C Programming - Bitwise Operators - Discussion

Yes it is correct @Abhinav but when we consider that and tried to shift by 1 then answer goes wrong. Please anyone tell how I convert this hex number into binary.

@Abhinav.

No, its not correct. 0X80 is a hexadecimal number, and for hexadecimal number you have to convert nibble by nibble.

For example:

0X80 --------> two nibbles 8 0.

1000 0000.

0X 75 -------> 7 5.

0111 0101.

Although, you are right if it were decimal number.

For example:

80 ----------> 01010000.

"0X" makes it hexadecimal.

#include<stdio.h>

int main()
{
unsigned char i = 0x80;
int a=i<<1;
unsigned long b=a;
unsigned char c=b;
printf("%d\n",c);
b=b>>1;
c=b;
printf("%d\n",c);
return 0;
}

Try this.

The answer should be zero. I checked it. Unsigned char takes only single byte.

Answer to Why everyone taking for char 2bytes?
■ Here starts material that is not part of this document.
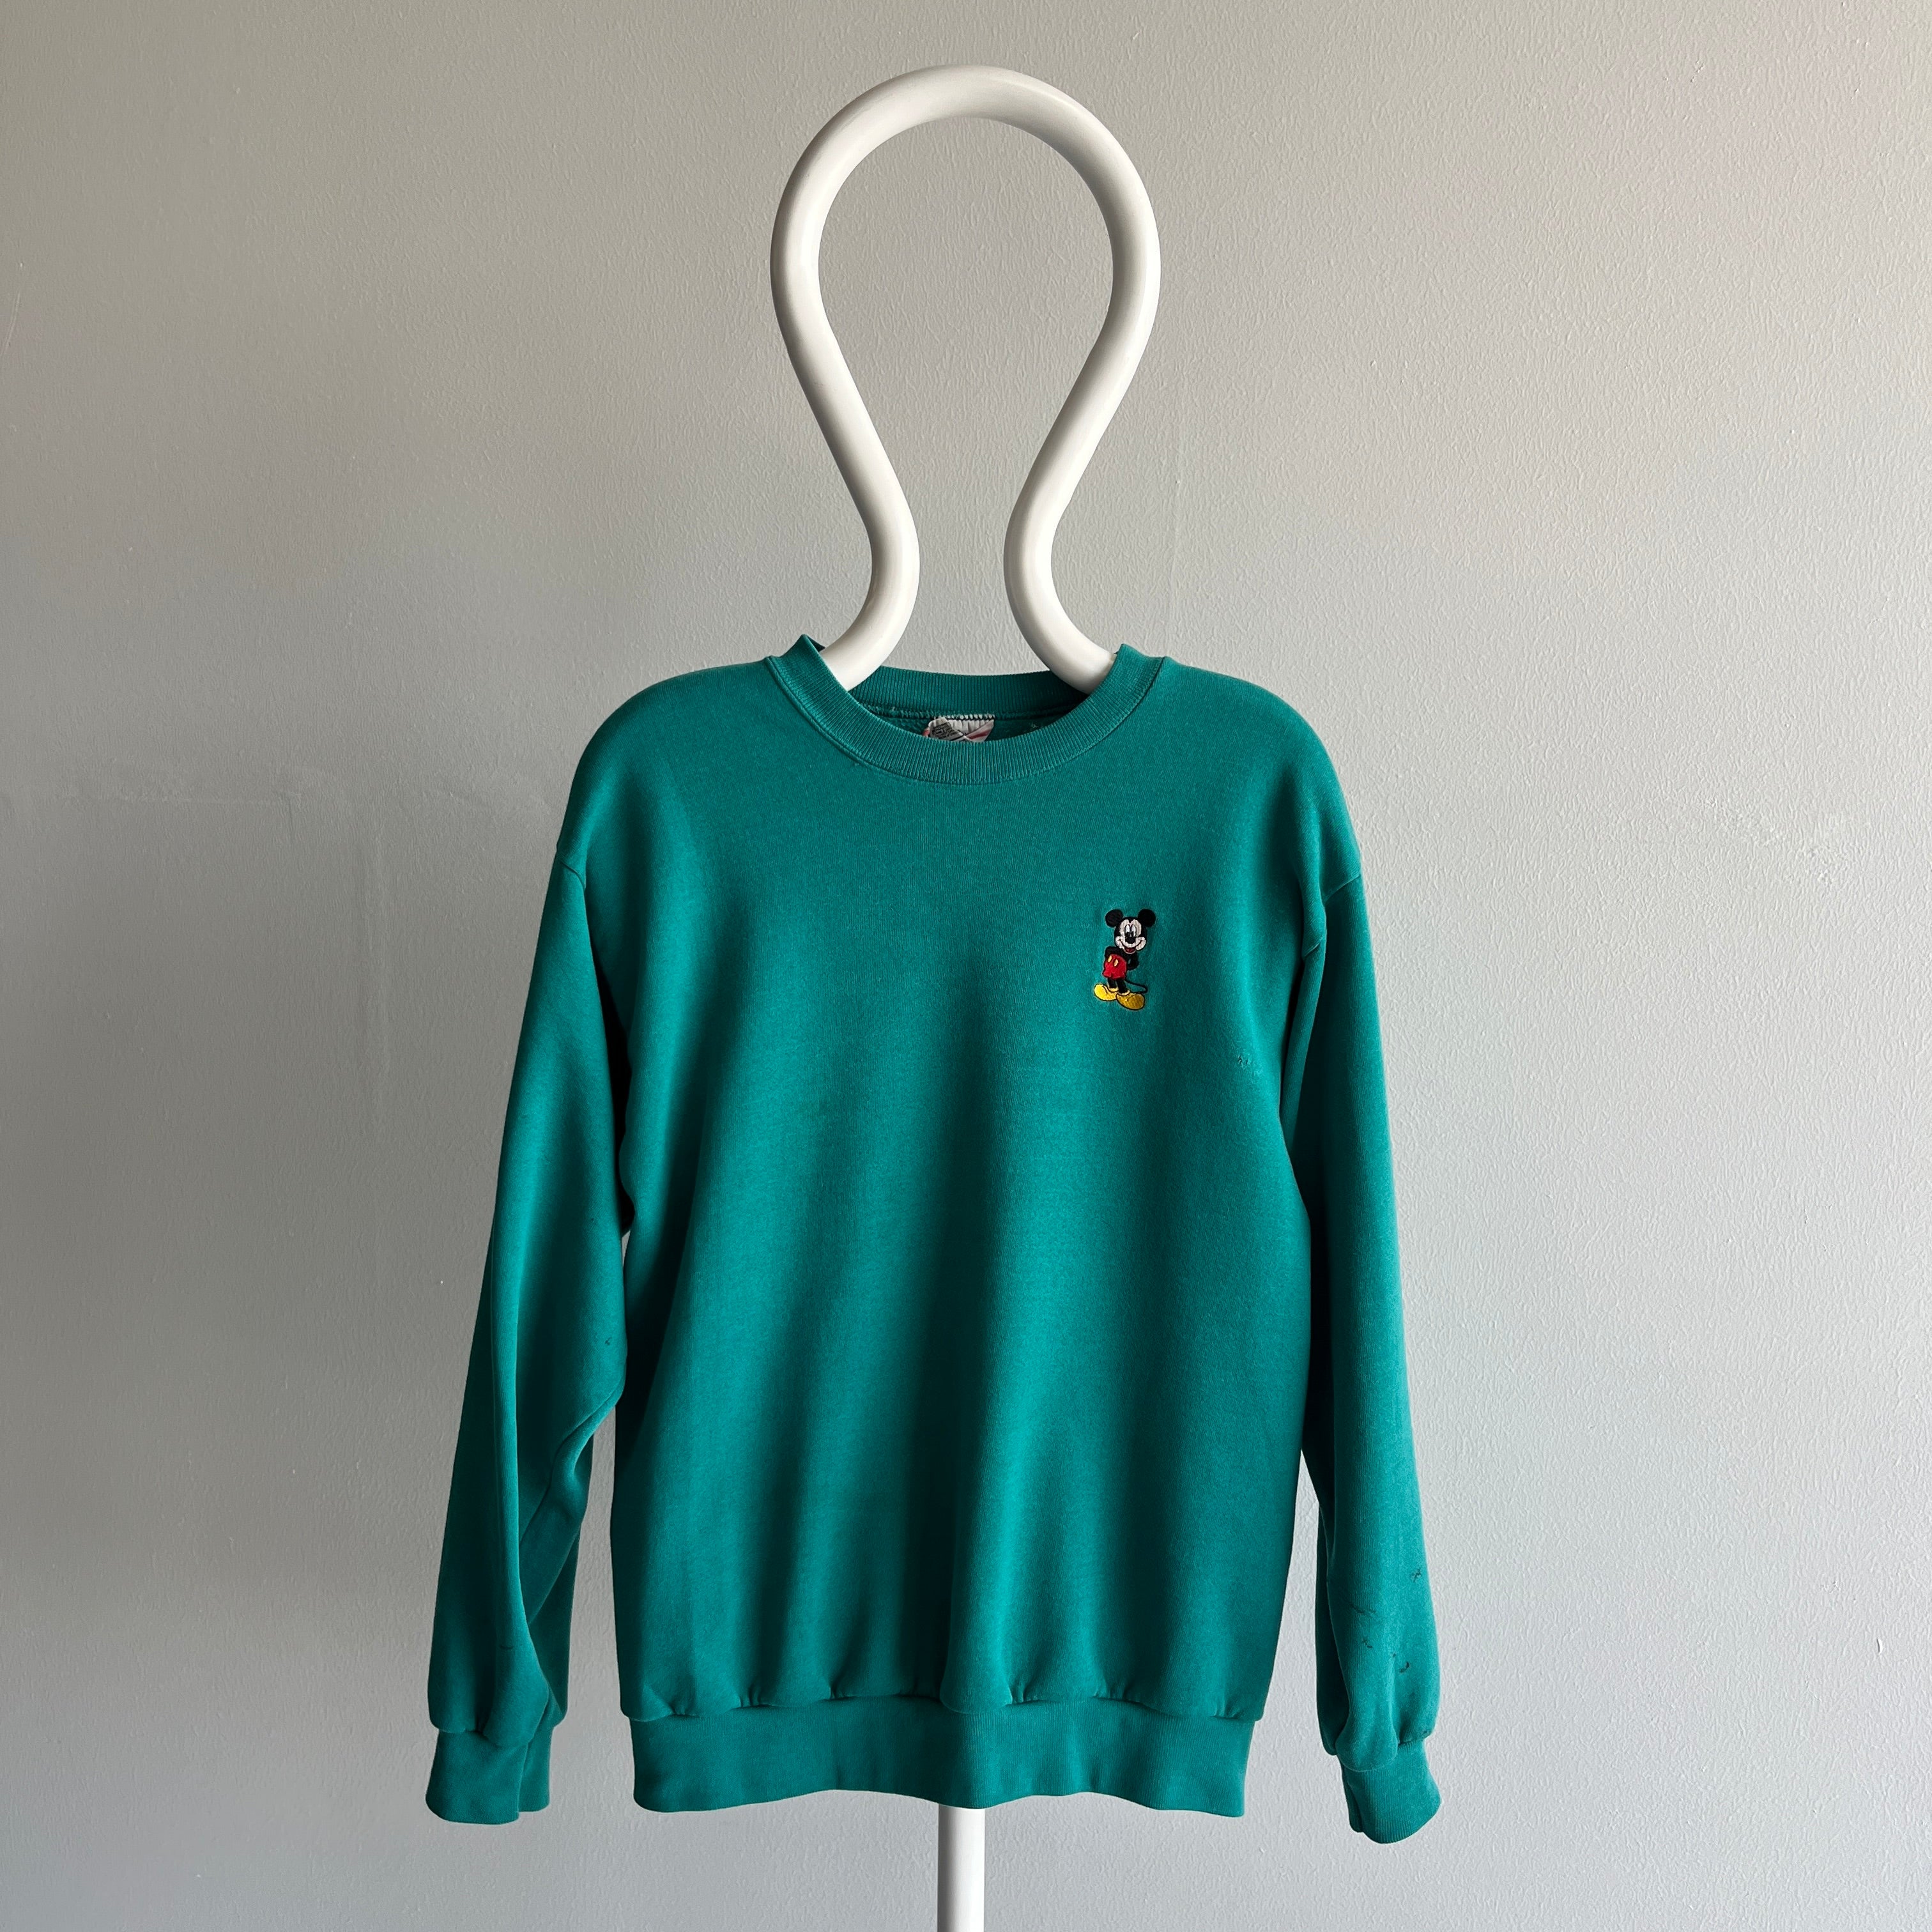 1980/90s Mickey Mouse Sweatshirt with Faint Staining

we are not taking char as 2 bytes.
Let's picture the real scenario, the memory stored in the register of RAM.
for example, suppose 'i' is stored at 0x00 as shown in the below:

Address values
0x06 0000 0000
0x05 0000 0000
0x04 0000 0000
0x03 0000 0000
0x02 0000 0000
0x01 0000 0000
0x00 1000 0000 <----- i = 0x80;

now if we right shift the value of 'i', then MSB(most significant bit) will shifted to the next register* as shown below,

Address values
0x06 0000 0000
0x05 0000 0000
0x04 0000 0000
0x03 0000 0000
0x02 0000 0000
0x01 0000 0001
0x00 0000 0000 <----- i = 0x00;

It should show 0 if we read the value of 'i' as a character(%C) which is NULL(it will print NULL which is not a visible character like space).
But here we are reading the value of 'i' as integer(%d) so it will read the 4 bytes, which are,

0x03 0000 0000
0x02 0000 0000
0x01 0000 0001
0x00 0000 0000

In single line 00000000 00000000 00000001 00000000 <----- i = 0x100 = 256.

@Gopi Krishna, If we right shift the variable then MSB goes to next register's LSB, not the same one in C language.

One you are describing is the case of the microcontroller/processes @Kunal.

if char i=0,if we use %c than it should print 0 on stdout.

But if we use %d it should print the equal ASCII value of that char.if it is 0 than 48 should print.memory will take on datatype but on formatspecifier provided.any way char should take 1byte to store,for signed char the range from -128 to +127.1 bit used for sign representation. For unsign char no loss of bit ranges from 0 to 255.256 not valid in char type.
in microcontroller suppouse 8051 all registers 8-bit othar dptr(16bit) if accumulator a regester value exceeds 8 bit then it will generate the carry.

// 1

#include<stdio.h>

int main()
{
unsigned char i = 0x80;
printf("%d\n", i<<1);
return 0;
}
Here output 256.

// 2
#include<stdio.h>

int main()
{
unsigned char i = 0x80;
i=i<<1;
printf("%d\n", i);
return 0;
}
Here output 0.

* The diff is assignment of variable i.

#include<stdio.h>

int main()
{
unsigned char i = 0x80;
i=i<<1;
printf("%d\n", i);
return 0;
}

In this case, also typecast operation is performed but final data is stored in 8 bit so the output is 0.

Kindly explain this program clearly.

Please, someone clearly explain to me what does the bitwise operator<< actually does.